Ausgabe vom 12.09.2016

Jetzt könnte die Herbstschwäche begonnen haben

von Torsten Ewert

Sehr verehrte Leserinnen und Leser,

Sven Weisenhaus hatte in den vergangenen Wochen mehrfach vor einer Herbstschwäche gewarnt. Mit den Rückschlägen der US-Märkte am Freitag, denen heute die europäischen Indizes folgen, könnte diese Herbstschwäche begonnen haben. Was das bedeutet und wie Sie nun reagieren müssen.

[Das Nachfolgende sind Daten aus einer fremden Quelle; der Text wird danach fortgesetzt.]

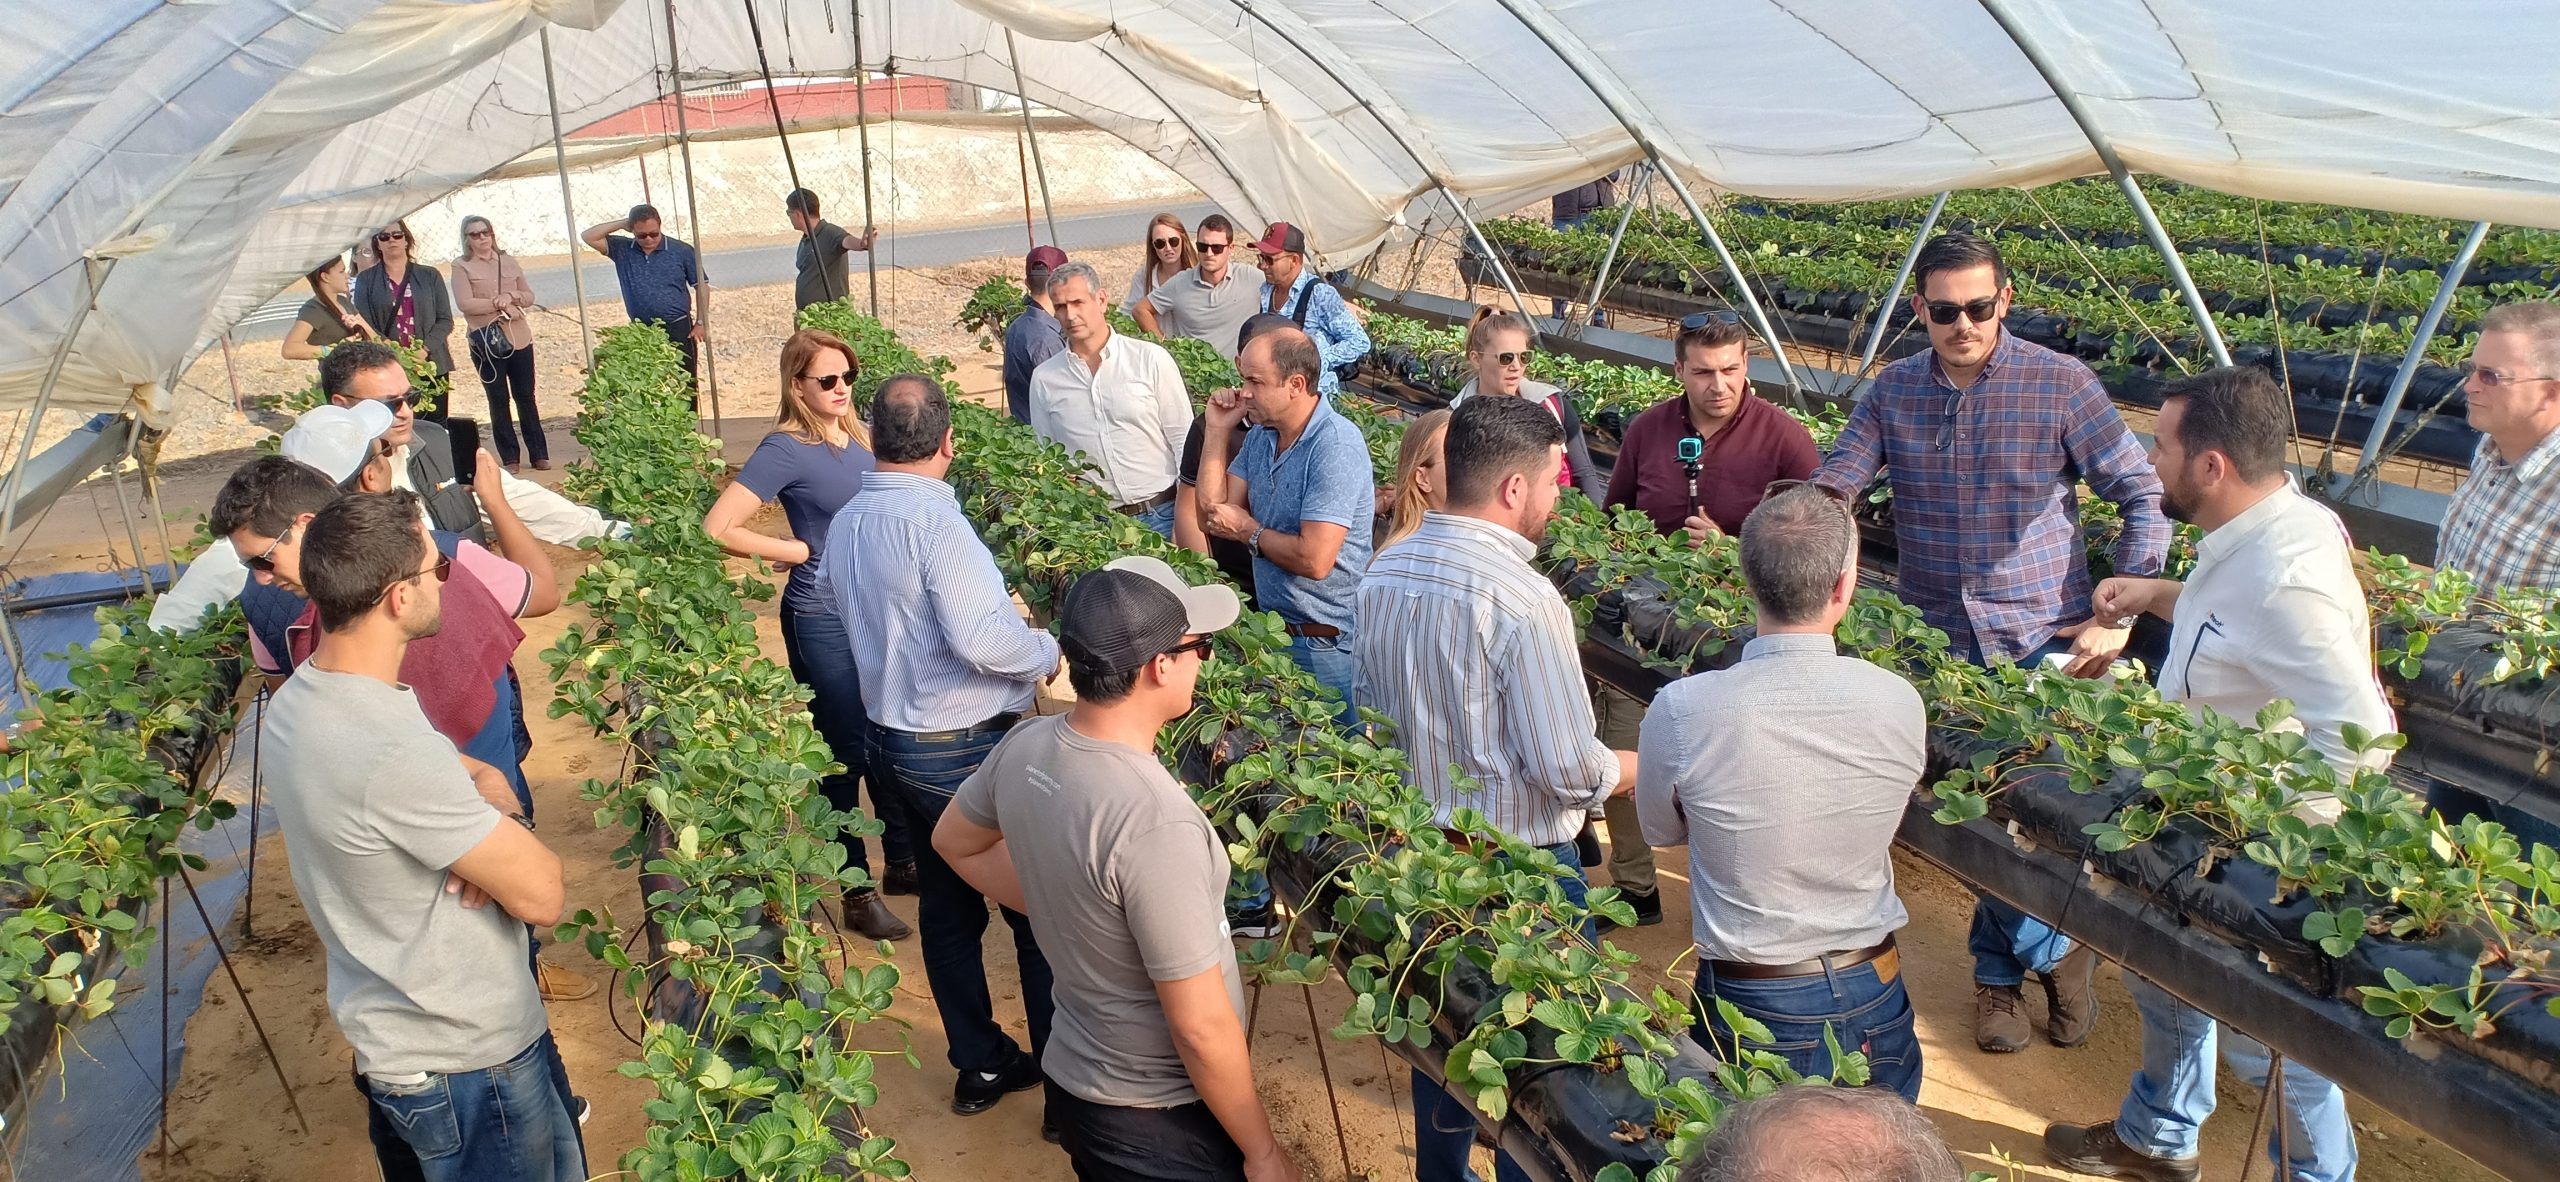 Alltech Crop Science: Des produits innovants satisfaisant producteurs et consommateurs

Der Rückschlag vom Freitag aus Sicht der Charts

Zunächst ein Blick auf die Charts:

S&P500 1d

Der S&P 500 fiel mit einer langen bearishen Kerze nicht nur aus der bisherigen Konsolidierungsformation (blaue Linien) und aus dem grünen Aufwärtstrend heraus, sondern auch klar unter das alte Allzeithoch von 2015 (dicke rote Linie) zurück. Außerdem wurde diese Kerze durch eine große Kurslücke eingeleitet und von hohem Volumen begleitet (siehe unterer Chartteil). Mehr bearishe Signale an einem einzelnen Tag sind kaum noch möglich.

NASDAQ 100, 1d

Eine ähnliche Konstellation finden wir auch im NASDAQ 100. Hier erfolgte der Rückfall unter das Mehrjahreshoch von 2015 (dicke hellgrüne Linie). Zuvor war der Kurs am Allzeithoch von 2000 (dicke rote Linie) dreimal gescheitert.

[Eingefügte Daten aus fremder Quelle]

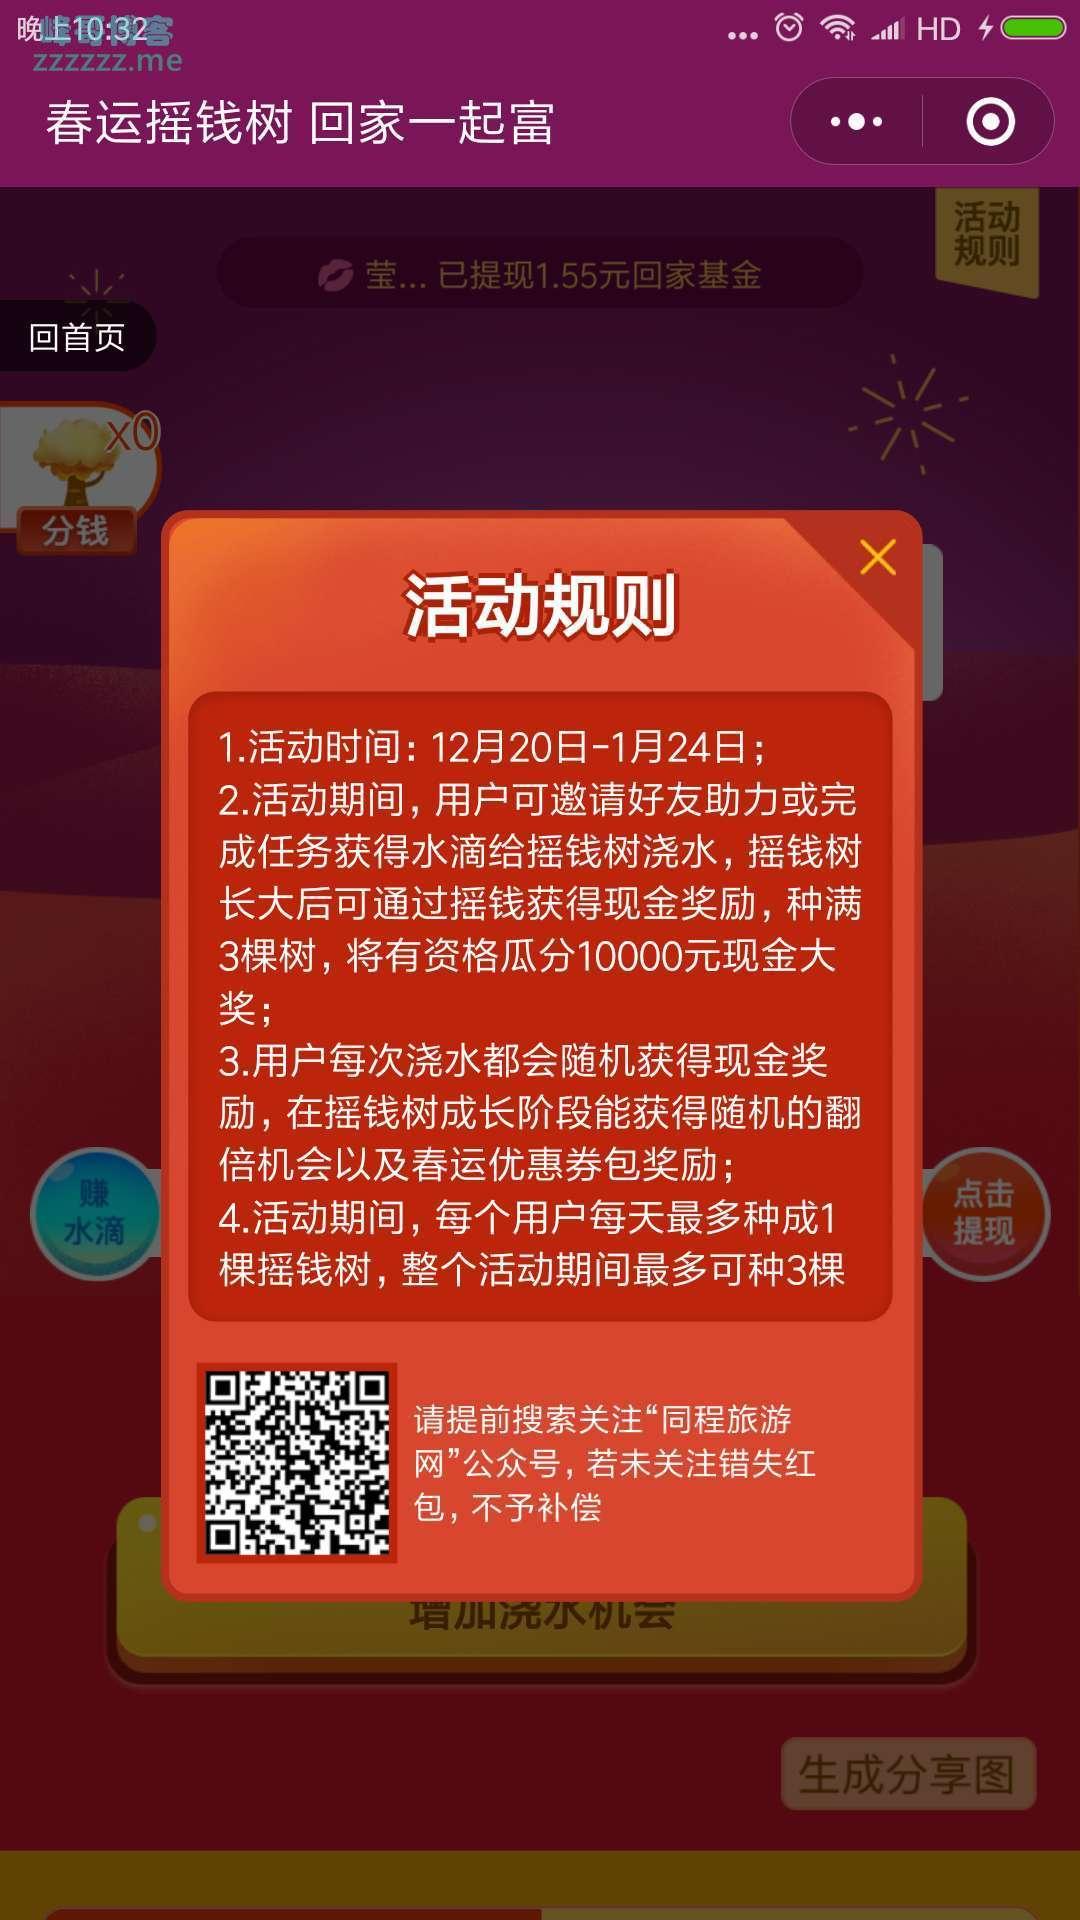 <同程旅游网>春运摇钱树(截止1月24日)

Zusätzlich kommt beim NASDAQ 100 verschärfend hinzu, dass der Index mit dem Rückfall vom Freitag ein Island Reversal vollendete. Das ist ein Kursbereich, der durch zwei deutliche Kurslücken vom restlichen Kursverlauf getrennt ist und ähnlich wie eine Insel scheinbar darüber schwebt (rote Ellipse). Ein Island Reversal ist eine klassische Umkehrformation und damit ein weiteres bearishes Signal.

Die nächsten Kursziele im NASDAQ 100

Und damit sind wir bei den Folgen dieses Rückfalls. Mit diesem sind (nahezu) alle Rally-Träume der Bullen vorerst ausgeträumt. (Über die bullishen Perspektiven später mehr.) Jetzt haben die Bären zunächst Oberwasser. Aber wie weit können sie die Kurse nach unten treiben?

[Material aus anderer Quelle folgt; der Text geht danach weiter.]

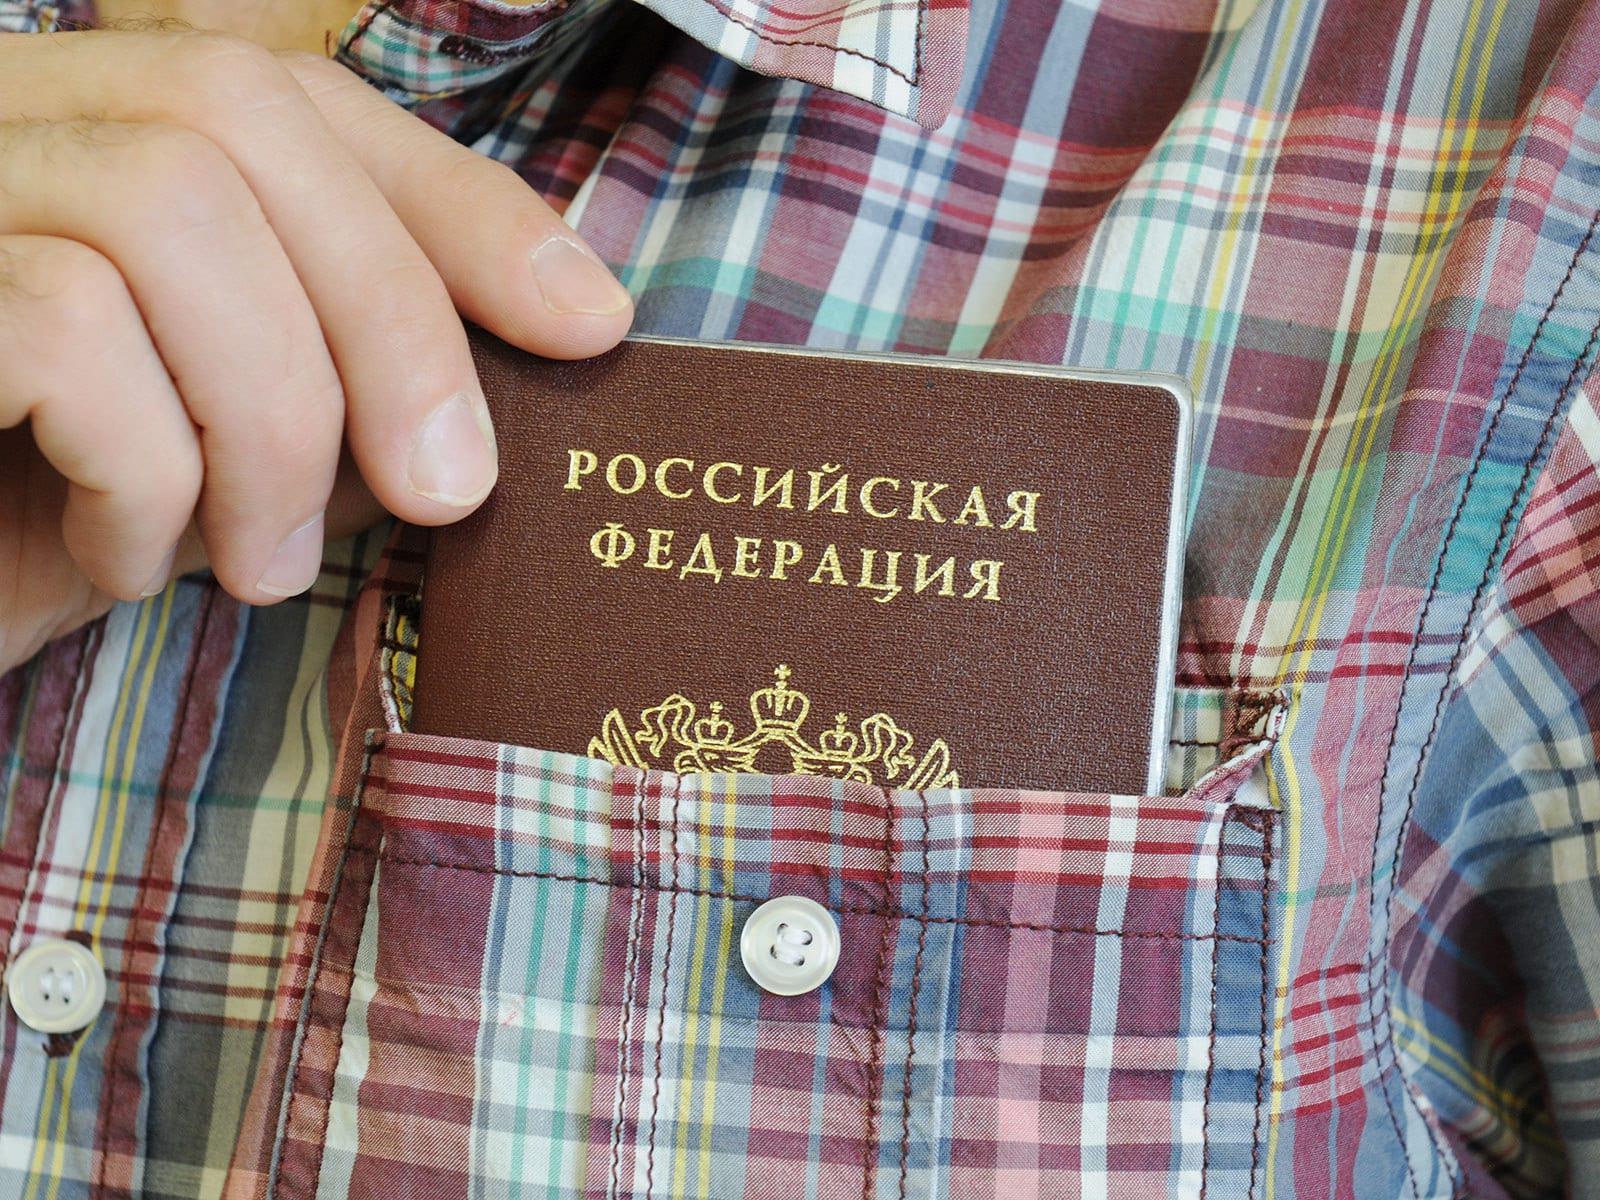 Заявление на замену паспорта по возрасту

Erster Anhaltspunkt dafür ist das bereits erwähnte Island Reversal im Nasdaq 100. Dieses hat nach der klassischen Charttechnik ein eindeutiges Kursziel, und zwar den Beginn der Minor-Bewegung, die zu dem Island Reversal führte. Aufgrund der engen Schwankungsbreite des NASDAQ 100 in den Wochen zuvor ist dies streng genommen bereits das kleine Zwischentief von Anfang August (blaue Linie). Dieses Ziel wurde aber schon am Freitag erreicht.

Das nächste wichtige Kursziel im NASDAQ 100 – abgesehen von den klassischen Unterstützungen durch die Zwischenhochs von April und Juni bei ca. 4.570 bzw. ca. 4.535 Punkten – ist die Unterkante des flacheren Aufwärtstrends seit Februar (schwarze Linien). Auf dieser Linie liegt der Schnittpunkt mit der Oberkante der alten Konsolidierungsformation des NASDAQ 100 (rote Linie) sowie dem Beginn der nächsten Minor-Bewegung vor dem Island Reversal bzw. dem Zwischentief vor dem Brexit-Einbruch (blaue Zone). Dieses Target könnte innerhalb der kommenden 11 Handelstage angelaufen werden, also bis 27.09.2016. Aus aktueller Sicht ist dies das kurzfristige maximale Abwärtspotenzial des NASDAQ 100.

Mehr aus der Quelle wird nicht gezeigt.